Genes going awry and mutating in many different ways, which are not normal to the body's form and function, cause cancer. Mapping the genetic mutations linked to cancer could lead to more closely matching appropriate treatments to individual patients, pave the way for the creation of new diagnostic tests, and maybe even guide the development of new drugs for treatment.
Two groups of researchers analyzed massive quantities of genetic information from tumor samples in an effort to record the many different variations of cancer. However, during the analysis, the researchers found that cancer is much more complicated than anyone could have possibly guessed. While the group had expected to identify certain key genes that were frequently mutated, they found not only a much larger number of mutated genes, but also found that each gene mutated in a smaller fraction of the tumors, giving an answer as to why a cure is unlikely after a tumor has spread.
Two separate papers were published in the journal Science on pancreatic and brain cancer that resulted from the private cancer-genome project led by researchers at Johns Hopkins. Victor Velculescu of Johns Hopkins Kimmel Cancer Center and a co-author of two papers said, "We used to think there was one enemy that was well-defined, but now we know there are lots of little enemies." A much larger third study is published in the journal Nature, also involving glioblastoma, and has been funded by the U.S. National Institutes of Health.
Researchers usually begin with a general idea about which drugs may destroy tumors and then test them in labs and then move forward to animal testing before finally conducting trials with human subjects. Drug companies have introduced targeted anticancer drugs that attack specific targets of a tumor's cellular machinery such as Herceptin, for breast cancer, and Gleevec, for a type of leukemia, which have generated a keen interest in the industry.

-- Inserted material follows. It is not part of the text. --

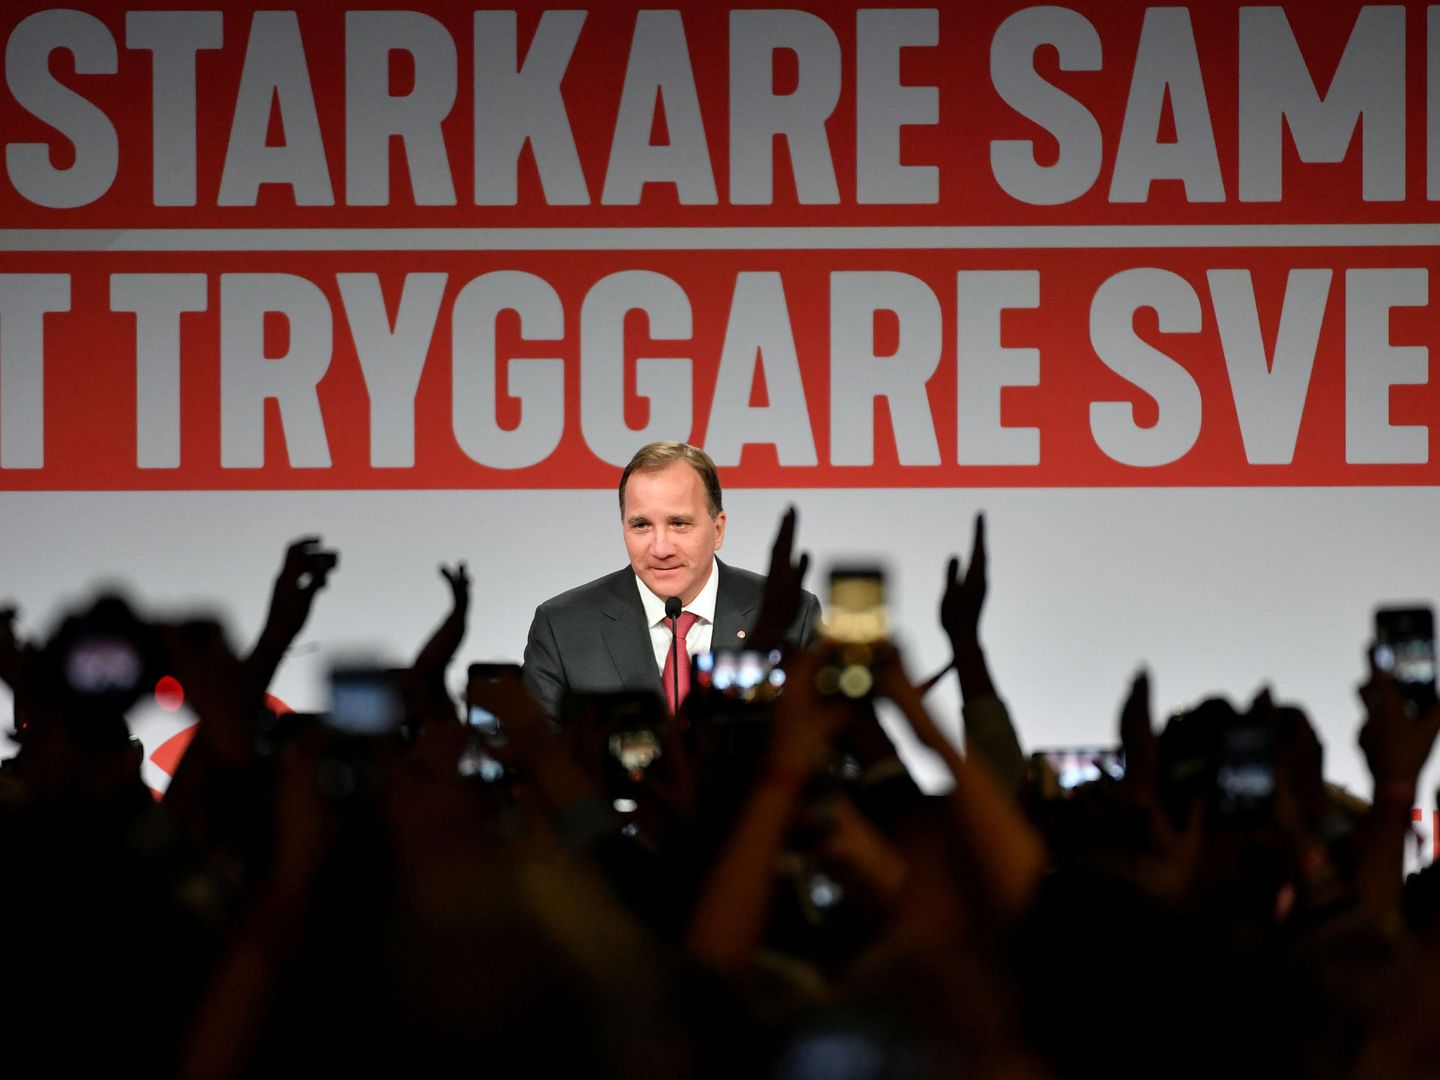 El primer ministro y líder del partido socialdemócrata Stefan Lofven habla en la galería de arte Fargfabriken, en Estocolmo. (Reuters)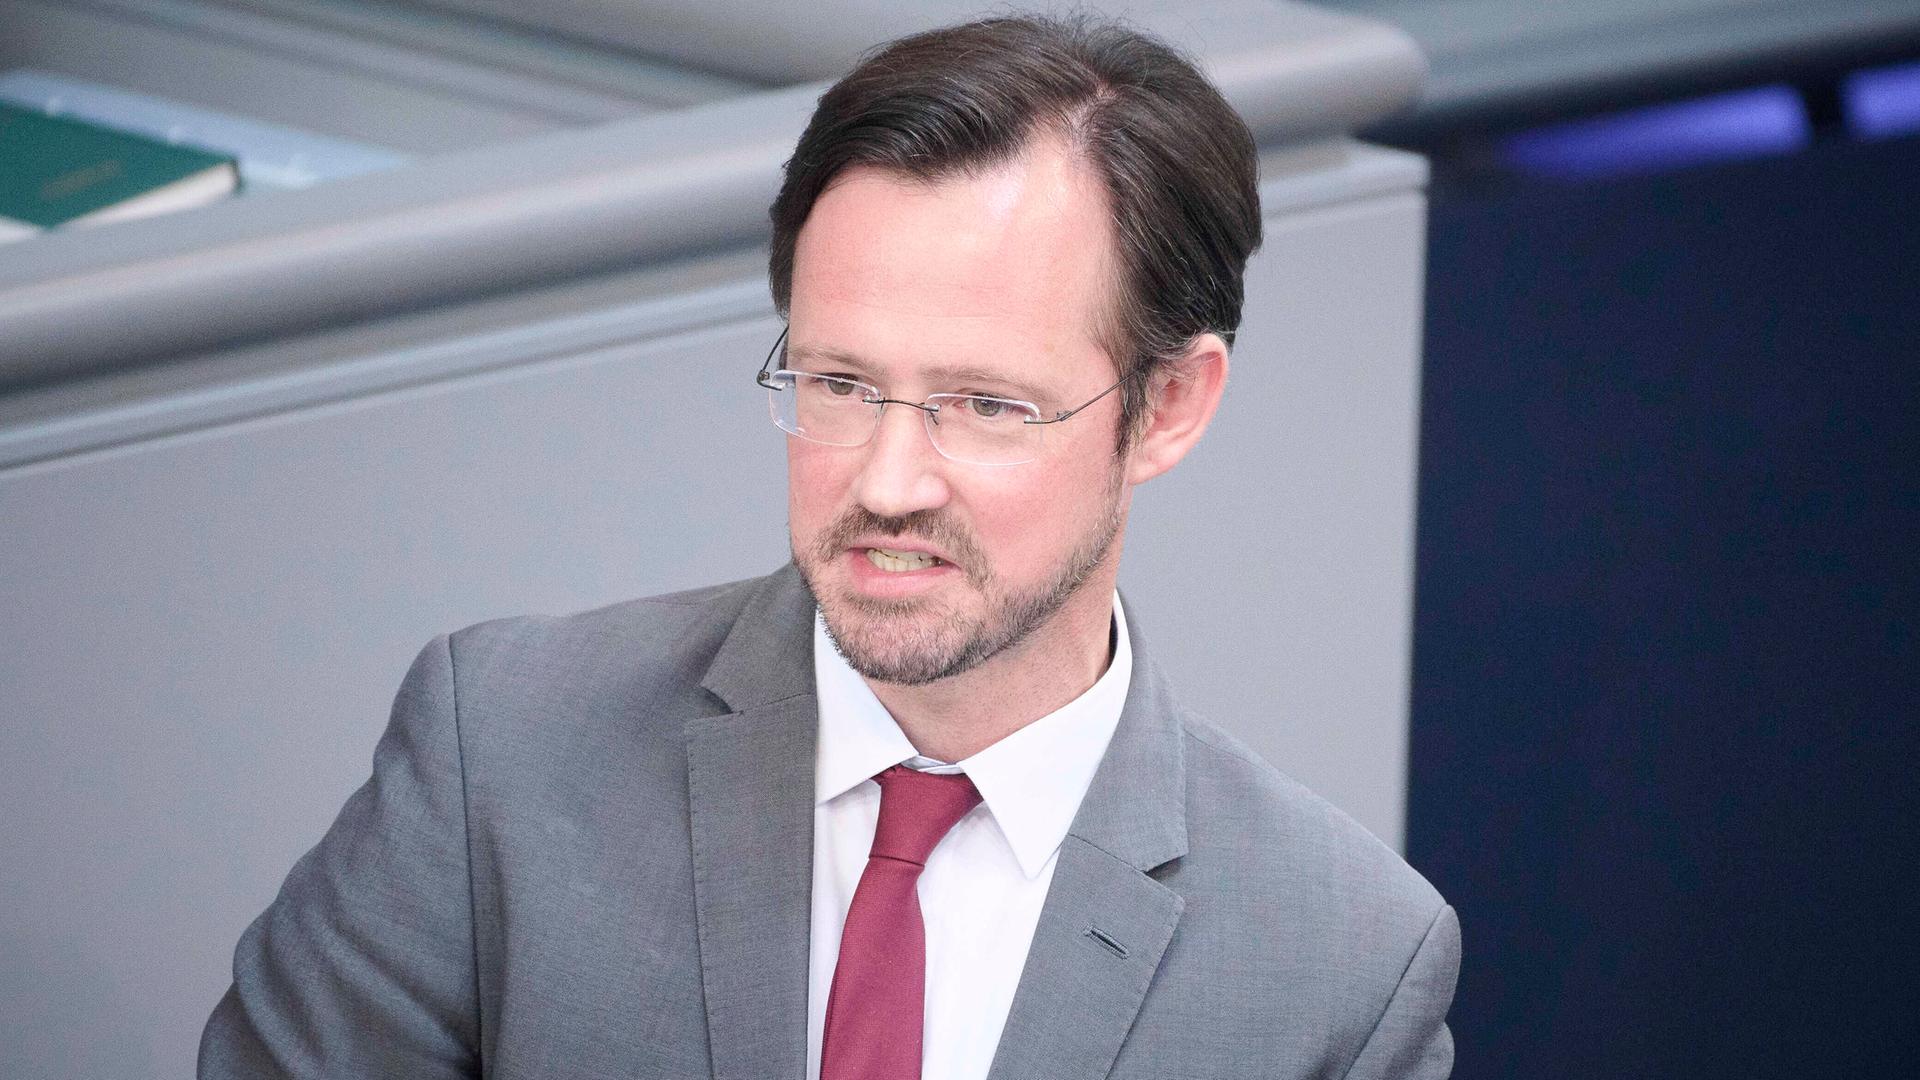 Der SPD-Politiker Dirk Wiese im Porträt

The new research indicates, however, that most brain and solid tumors are very different. According to Bert Vogelstein, cancer researcher at Johns Hopkins, and co-author of the Science papers, "It is extremely unlikely that drugs which target a single gene like Gleevec will be active against a major fraction of solid tumors. Instead of screening for drugs against single proteins, our work suggests that it may be more productive to screen for drugs that act against core pathways."
Building a library of mutations for different tumors could be a potential new way to treat cancer and could also allow doctors to quickly diagnose a tumor before it grows too large to be surgically removed. Since DNA and cells are frequently dislodged from early-stage tumors and move into the bloodstream and body fluids, tests based on mutations could detect the presence of a tumor before a patient even shows symptoms.
The team sequenced over 20,000 genes in cells from 24 patients with advanced pancreatic cancer and 22 patients with glioblastoma. They found the typical pancreatic tumor had 63 genetic mutations, while the average brain tumor had 60. However, they found only 12 pathways that were abnormal in most of the tumors. One downside of this is that the pathways are also responsible for key biological functions and disrupting them could trigger severe side effects.
The Science study on glioblastoma, which is the type of cancer Senator Edward Kennedy was diagnosed in May, yielded the discovery of a new gene, IDH1, never before linked to cancer. Patients with IDH1 mutations had a longer survival time than the typical brain tumor patient, suggesting a new treatment strategy. According to Dr. Victor Velculescu, also of Hopkins, "Glioblastoma multiformes used to be thought of as one disease. It is now clear they are two."
The Nature study was conducted on over 200 samples of glioblastoma the Cancer Genome Atlas Research Network. The study was launched in 2006 and is a three-year pilot program centering on ovarian, lung and brain cancer. The plan is to expand the analysis to include mutations found in the 50 major types of cancer.